## EXERCISE INSTRUCTIONS
What is needed is a word-for-word transcript of the listing, free of pictures.

## AVAILABLE DATA
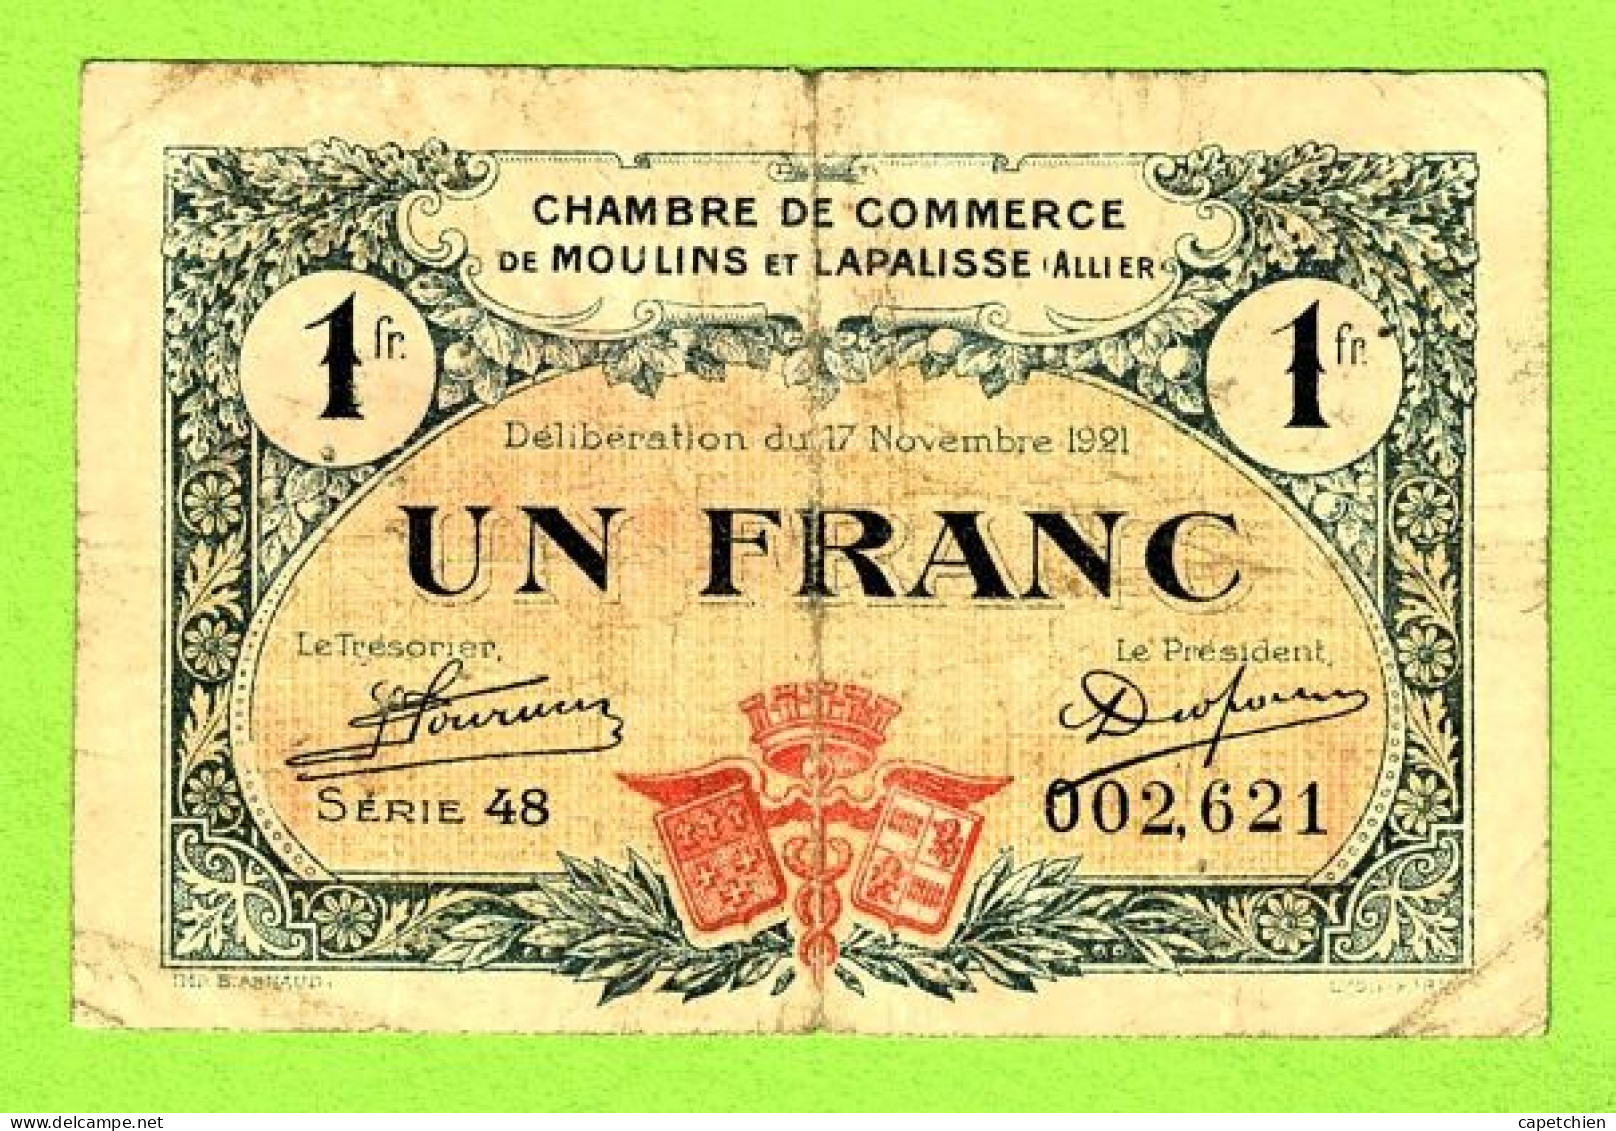 FRANCE /  CHAMBRE De COMMERCE De MOULINS & LAPALISSE / 1 FRANC / 17 NOVEMBRE 1921  N° 002,621 / SERIE 48 - Cámara De Comercio
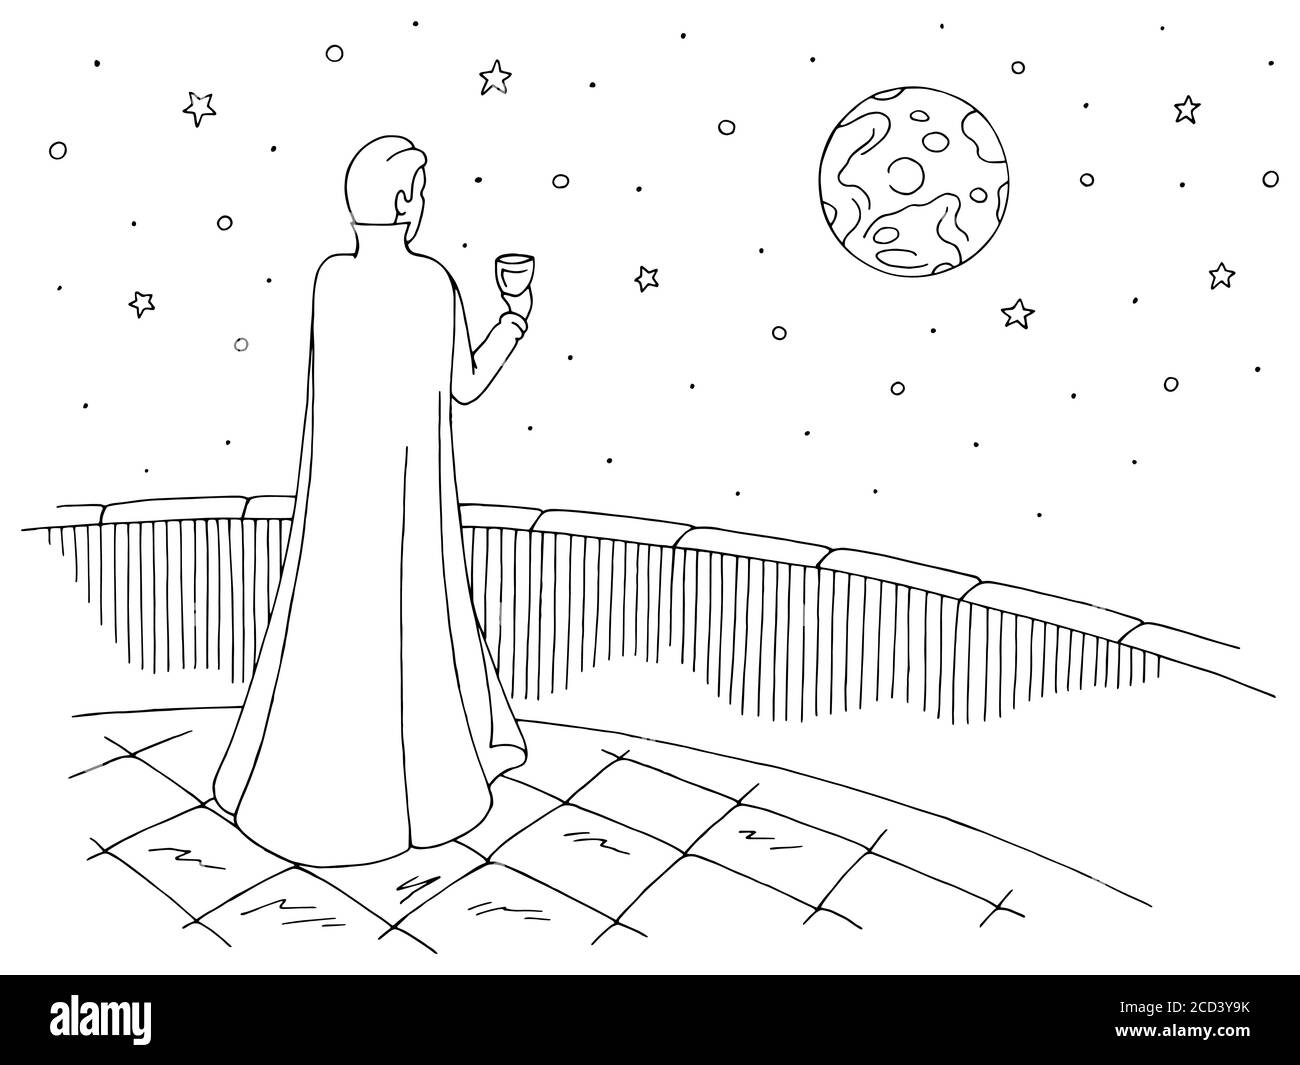 Vampir steht auf dem Balkon, trinkt aus Glas und schaut auf den Mond Grafik schwarz weiß Skizze Illustration Vektor Stock Vektor
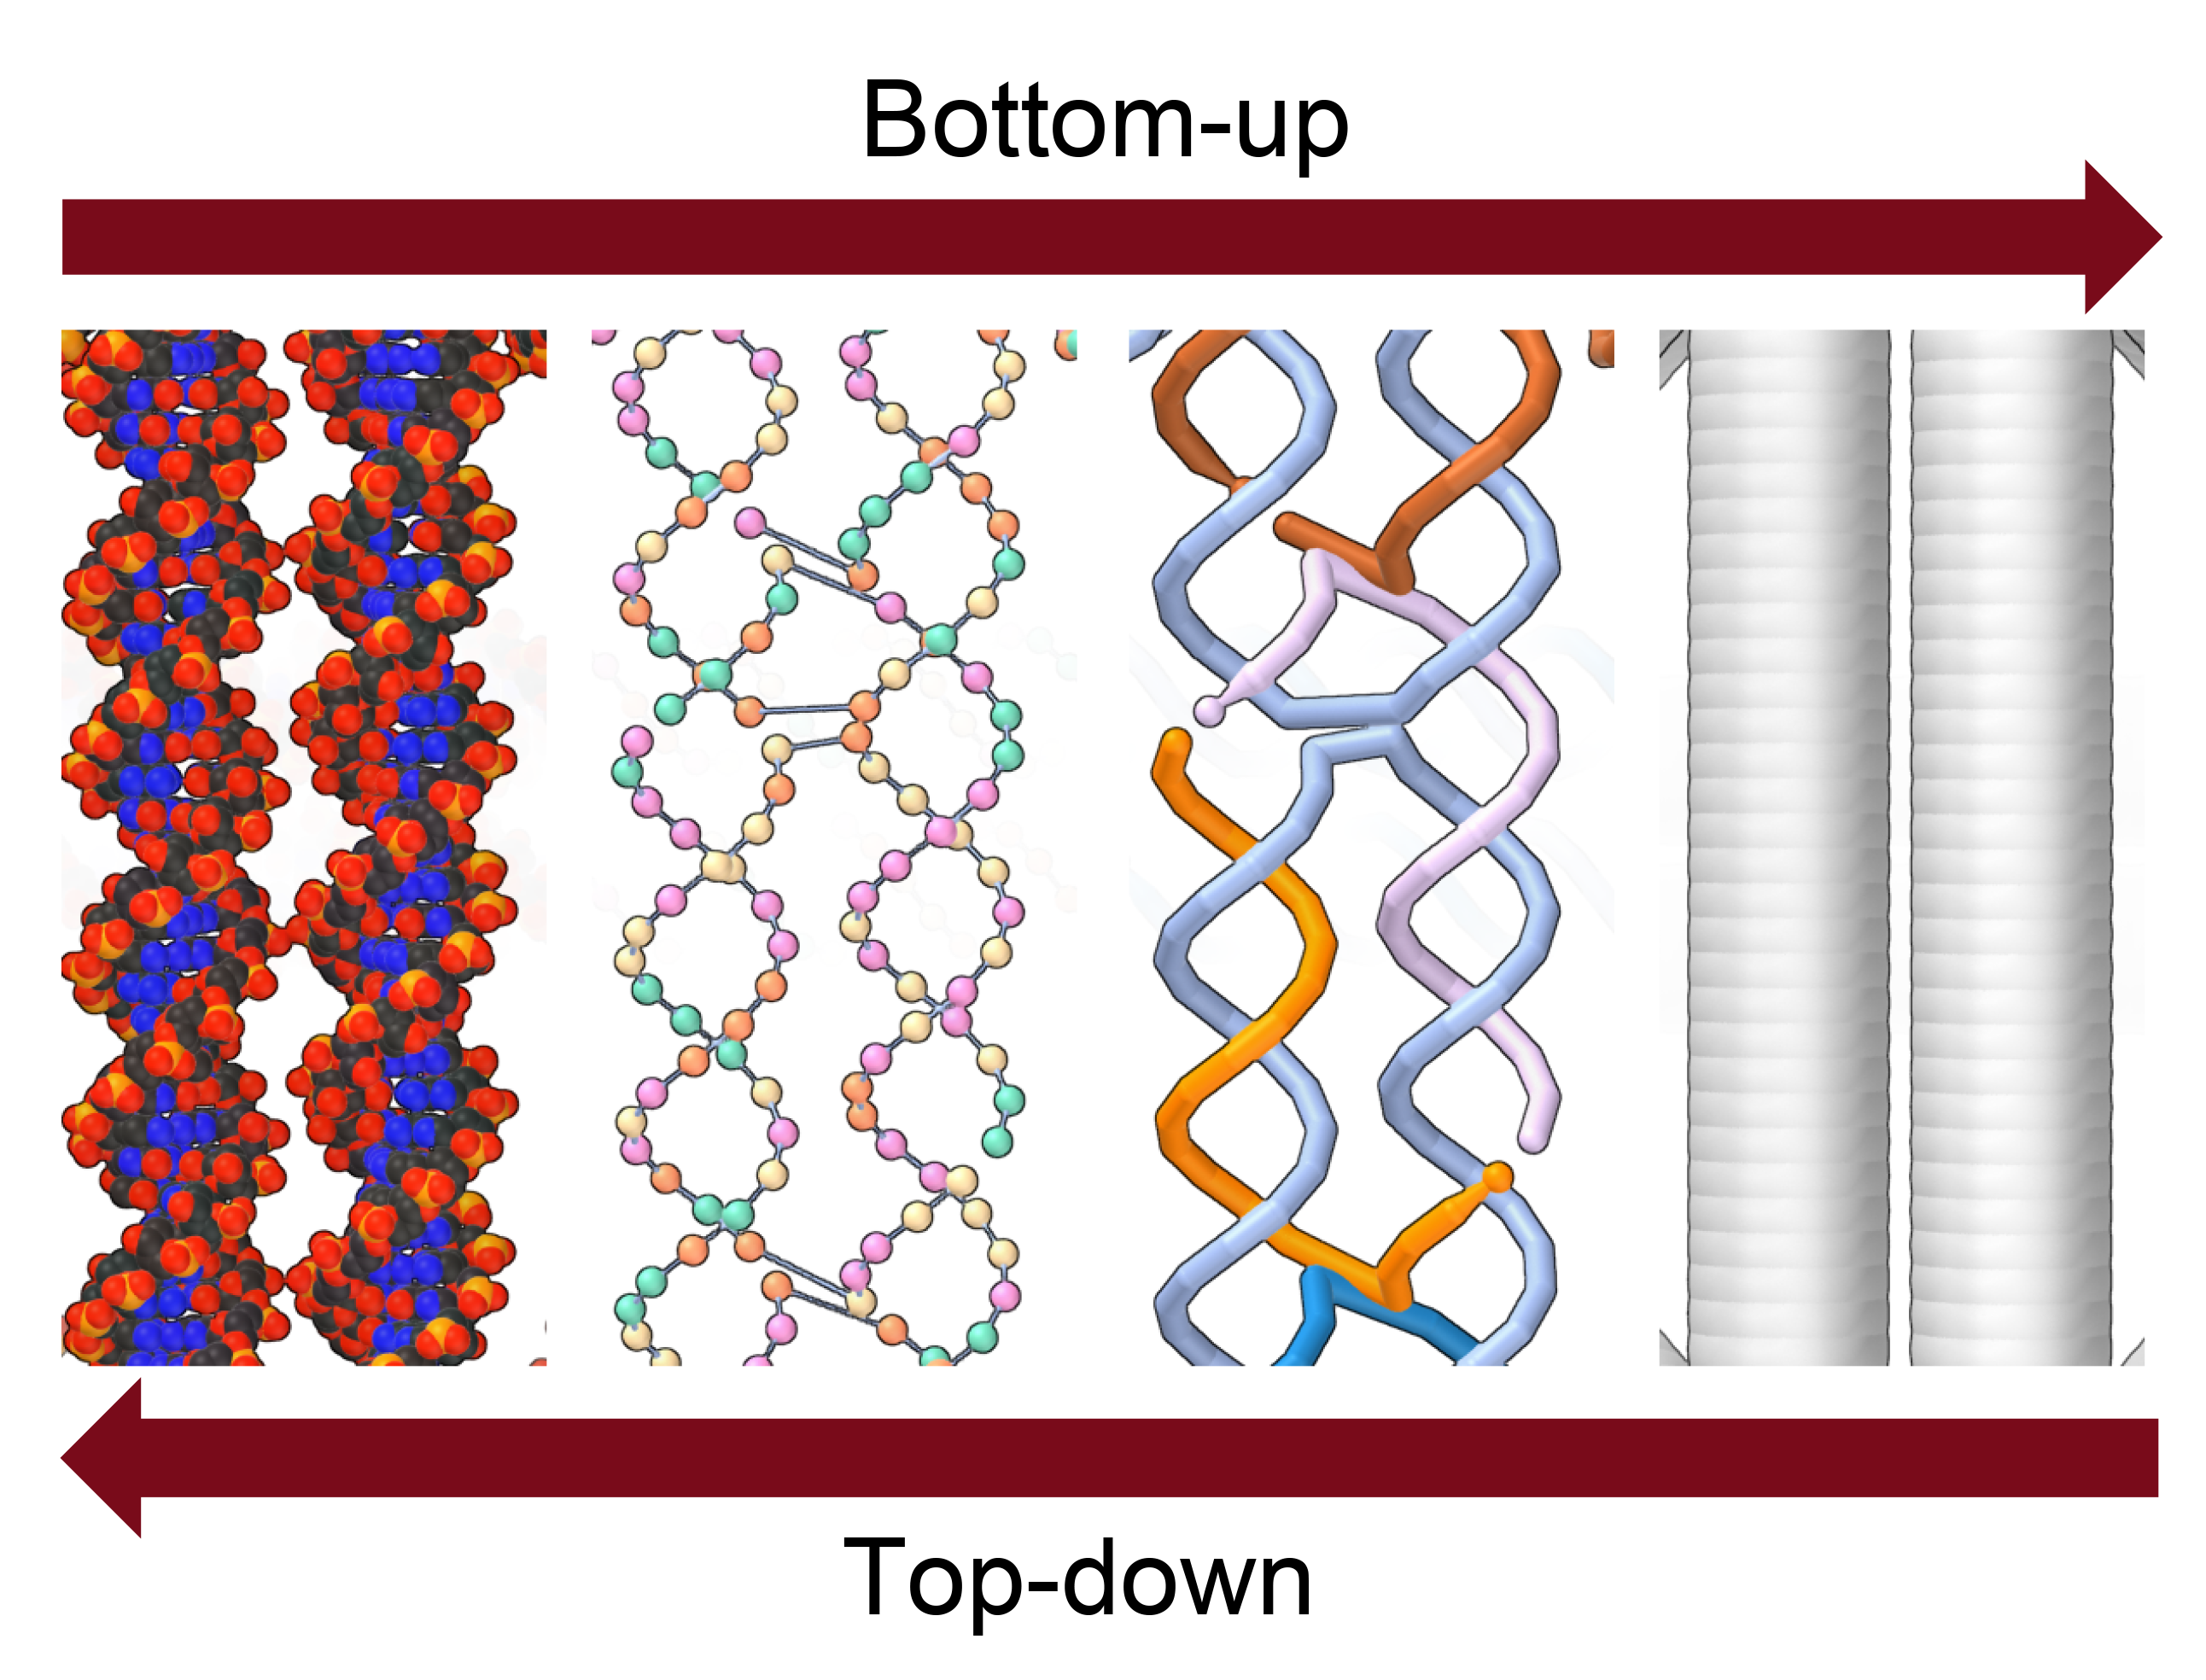 Logic model for DNA Nanostructures
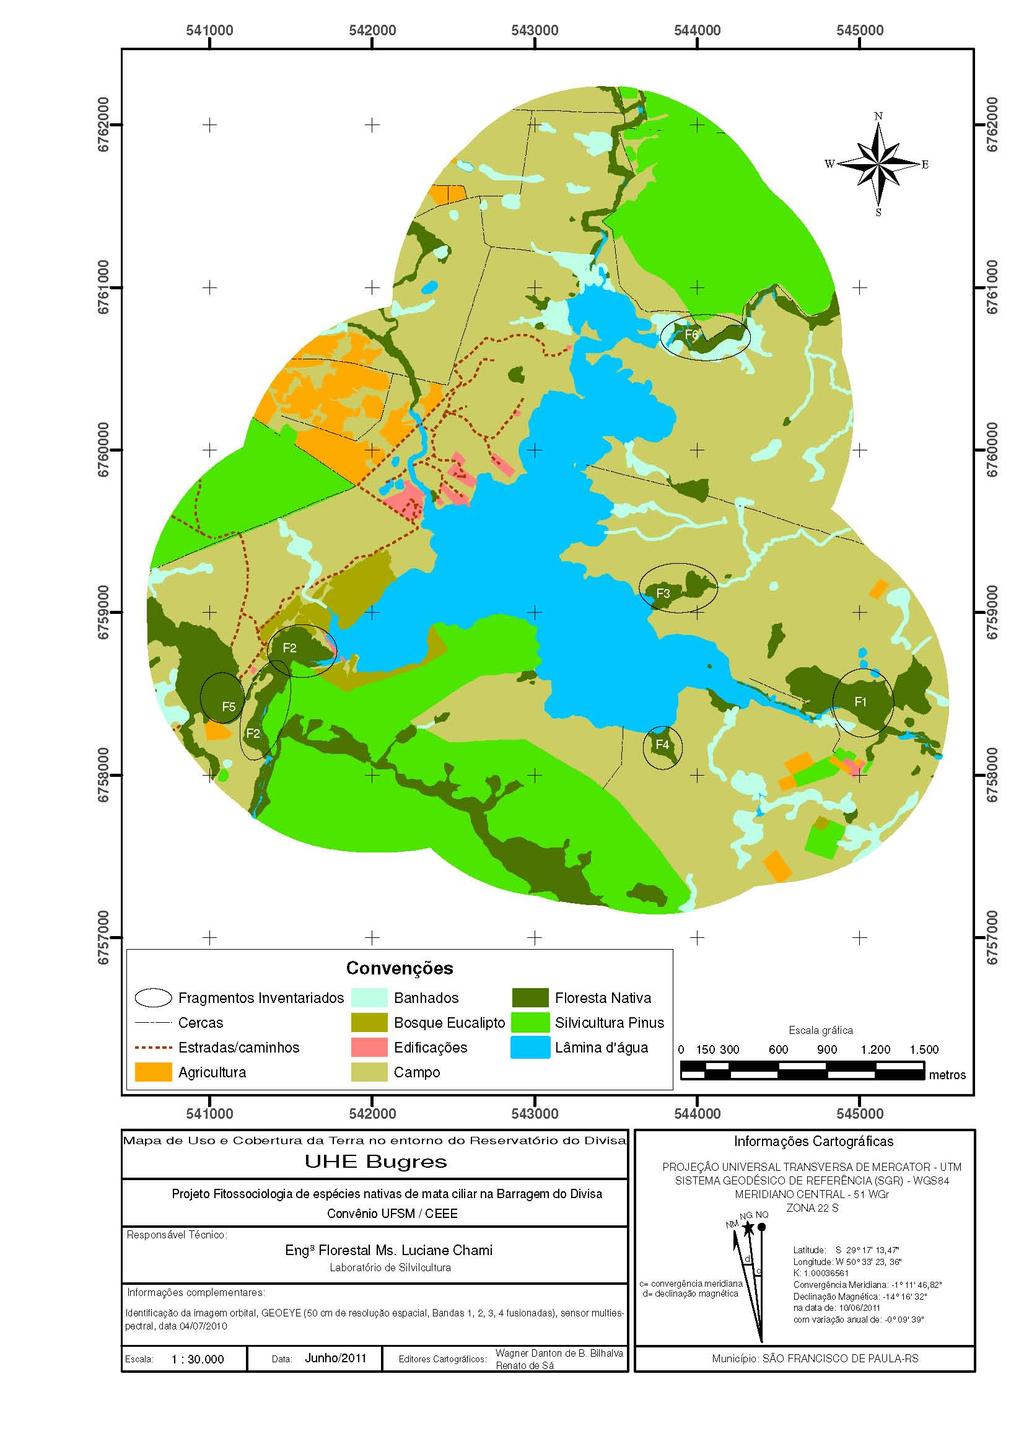 Anexo A - Mapa de uso e ocupação do solo no entorno do Reservatório Divisa, São Francisco de Paula, RS

## PROBLEM SOLUTION
 FRANCE /  CHAMBRE De COMMERCE De MOULINS & LAPALISSE / 1 FRANC / 17 NOVEMBRE 1921  N° 002,621 / SERIE 48 - Cámara De Comercio
 Vampir steht auf dem Balkon, trinkt aus Glas und schaut auf den Mond Grafik schwarz weiß Skizze Illustration Vektor Stock Vektor
 Logic model for DNA Nanostructures
 Anexo A - Mapa de uso e ocupação do solo no entorno do Reservatório Divisa, São Francisco de Paula, RS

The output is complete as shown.